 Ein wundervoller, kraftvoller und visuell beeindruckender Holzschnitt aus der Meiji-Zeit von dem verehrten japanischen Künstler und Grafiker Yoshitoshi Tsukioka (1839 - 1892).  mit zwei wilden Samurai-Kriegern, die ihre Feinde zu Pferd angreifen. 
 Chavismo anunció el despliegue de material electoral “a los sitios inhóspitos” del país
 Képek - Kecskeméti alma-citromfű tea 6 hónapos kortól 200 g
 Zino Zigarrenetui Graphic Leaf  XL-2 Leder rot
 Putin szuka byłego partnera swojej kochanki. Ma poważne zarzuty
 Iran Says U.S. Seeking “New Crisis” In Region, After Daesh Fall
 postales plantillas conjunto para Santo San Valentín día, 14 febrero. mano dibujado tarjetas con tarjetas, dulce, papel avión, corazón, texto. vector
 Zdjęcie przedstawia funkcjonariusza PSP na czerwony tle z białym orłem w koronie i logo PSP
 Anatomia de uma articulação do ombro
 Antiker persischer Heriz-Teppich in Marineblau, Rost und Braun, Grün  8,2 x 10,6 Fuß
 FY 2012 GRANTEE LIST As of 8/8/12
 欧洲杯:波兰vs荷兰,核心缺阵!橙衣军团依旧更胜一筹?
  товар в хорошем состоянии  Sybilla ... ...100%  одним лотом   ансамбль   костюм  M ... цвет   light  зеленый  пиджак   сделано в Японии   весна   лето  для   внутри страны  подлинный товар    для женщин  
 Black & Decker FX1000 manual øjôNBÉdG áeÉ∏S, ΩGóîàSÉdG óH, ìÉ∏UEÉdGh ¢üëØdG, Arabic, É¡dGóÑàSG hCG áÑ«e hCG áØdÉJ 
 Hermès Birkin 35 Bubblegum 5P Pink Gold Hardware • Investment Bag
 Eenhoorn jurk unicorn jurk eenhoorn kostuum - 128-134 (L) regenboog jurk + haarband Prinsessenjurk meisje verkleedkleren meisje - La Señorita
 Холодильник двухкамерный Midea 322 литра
——————————
WORK ORDER:
Lines from the top of the data above through the line with "Black & Decker", both ends included: copy them exactly, nothing more.

RESULT:
 Ein wundervoller, kraftvoller und visuell beeindruckender Holzschnitt aus der Meiji-Zeit von dem verehrten japanischen Künstler und Grafiker Yoshitoshi Tsukioka (1839 - 1892).  mit zwei wilden Samurai-Kriegern, die ihre Feinde zu Pferd angreifen. 
 Chavismo anunció el despliegue de material electoral “a los sitios inhóspitos” del país
 Képek - Kecskeméti alma-citromfű tea 6 hónapos kortól 200 g
 Zino Zigarrenetui Graphic Leaf  XL-2 Leder rot
 Putin szuka byłego partnera swojej kochanki. Ma poważne zarzuty
 Iran Says U.S. Seeking “New Crisis” In Region, After Daesh Fall
 postales plantillas conjunto para Santo San Valentín día, 14 febrero. mano dibujado tarjetas con tarjetas, dulce, papel avión, corazón, texto. vector
 Zdjęcie przedstawia funkcjonariusza PSP na czerwony tle z białym orłem w koronie i logo PSP
 Anatomia de uma articulação do ombro
 Antiker persischer Heriz-Teppich in Marineblau, Rost und Braun, Grün  8,2 x 10,6 Fuß
 FY 2012 GRANTEE LIST As of 8/8/12
 欧洲杯:波兰vs荷兰,核心缺阵!橙衣军团依旧更胜一筹?
  товар в хорошем состоянии  Sybilla ... ...100%  одним лотом   ансамбль   костюм  M ... цвет   light  зеленый  пиджак   сделано в Японии   весна   лето  для   внутри страны  подлинный товар    для женщин  
 Black & Decker FX1000 manual øjôNBÉdG áeÉ∏S, ΩGóîàSÉdG óH, ìÉ∏UEÉdGh ¢üëØdG, Arabic, É¡dGóÑàSG hCG áÑ«e hCG áØdÉJ 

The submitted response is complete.